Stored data
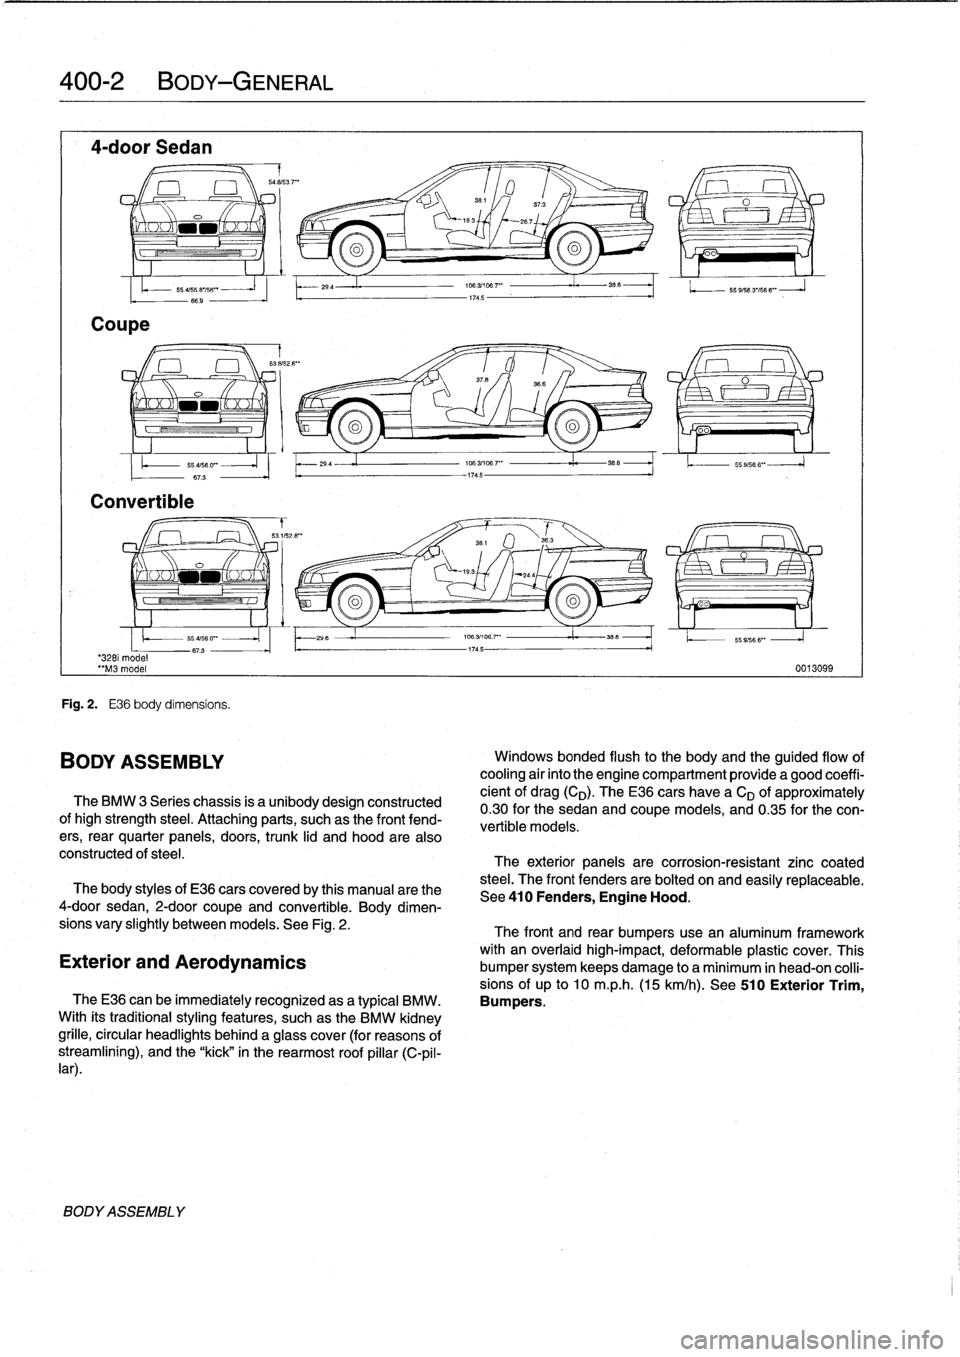 BMW 325i 1998 E36 Workshop Manual 
400-2
BODY-GENERAL

4-door
Sedan

Coupe

-
saas3
.7""

351
/

	

37
.3
O

	

I
x
`-193

	

267

o
oa

3281
model
"M3
model

Convertible

BODYASSEMBLY

55
ass
.e
iss
""
-
66
.9
-

Fig
.
2
.

	

E36
b

Action item: Repeat the records above exactly, leaving out any pictures they contain.

Solved problem:
 BMW 325i 1998 E36 Workshop Manual 
400-2
BODY-GENERAL

4-door
Sedan

Coupe

-
saas3
.7""

351
/

	

37
.3
O

	

I
x
`-193

	

267

o
oa

3281
model
"M3
model

Convertible

BODYASSEMBLY

55
ass
.e
iss
""
-
66
.9
-

Fig
.
2
.

	

E36
b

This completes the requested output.